• Exercise requirements
When a line of the records below contains the string "Black", copy that whole line.

• Records
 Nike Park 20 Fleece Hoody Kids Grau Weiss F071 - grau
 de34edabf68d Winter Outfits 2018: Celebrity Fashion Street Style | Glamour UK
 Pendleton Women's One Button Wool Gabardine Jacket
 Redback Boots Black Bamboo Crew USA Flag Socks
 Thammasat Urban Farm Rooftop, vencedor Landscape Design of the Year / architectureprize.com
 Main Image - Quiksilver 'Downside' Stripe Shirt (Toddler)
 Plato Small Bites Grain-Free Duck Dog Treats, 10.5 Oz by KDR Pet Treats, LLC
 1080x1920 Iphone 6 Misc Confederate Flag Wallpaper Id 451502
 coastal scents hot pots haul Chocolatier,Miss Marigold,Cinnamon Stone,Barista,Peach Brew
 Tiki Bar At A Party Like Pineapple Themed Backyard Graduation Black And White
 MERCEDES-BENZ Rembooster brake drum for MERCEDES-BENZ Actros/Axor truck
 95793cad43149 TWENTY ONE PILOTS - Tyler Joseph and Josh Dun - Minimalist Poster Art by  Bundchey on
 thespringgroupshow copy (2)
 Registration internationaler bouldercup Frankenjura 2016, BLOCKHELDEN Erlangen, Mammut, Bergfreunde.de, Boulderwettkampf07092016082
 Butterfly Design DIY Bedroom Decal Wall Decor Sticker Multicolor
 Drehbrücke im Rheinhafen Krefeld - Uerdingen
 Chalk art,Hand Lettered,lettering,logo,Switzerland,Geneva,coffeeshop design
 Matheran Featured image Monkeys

• Result
 Redback Boots Black Bamboo Crew USA Flag Socks
 Tiki Bar At A Party Like Pineapple Themed Backyard Graduation Black And White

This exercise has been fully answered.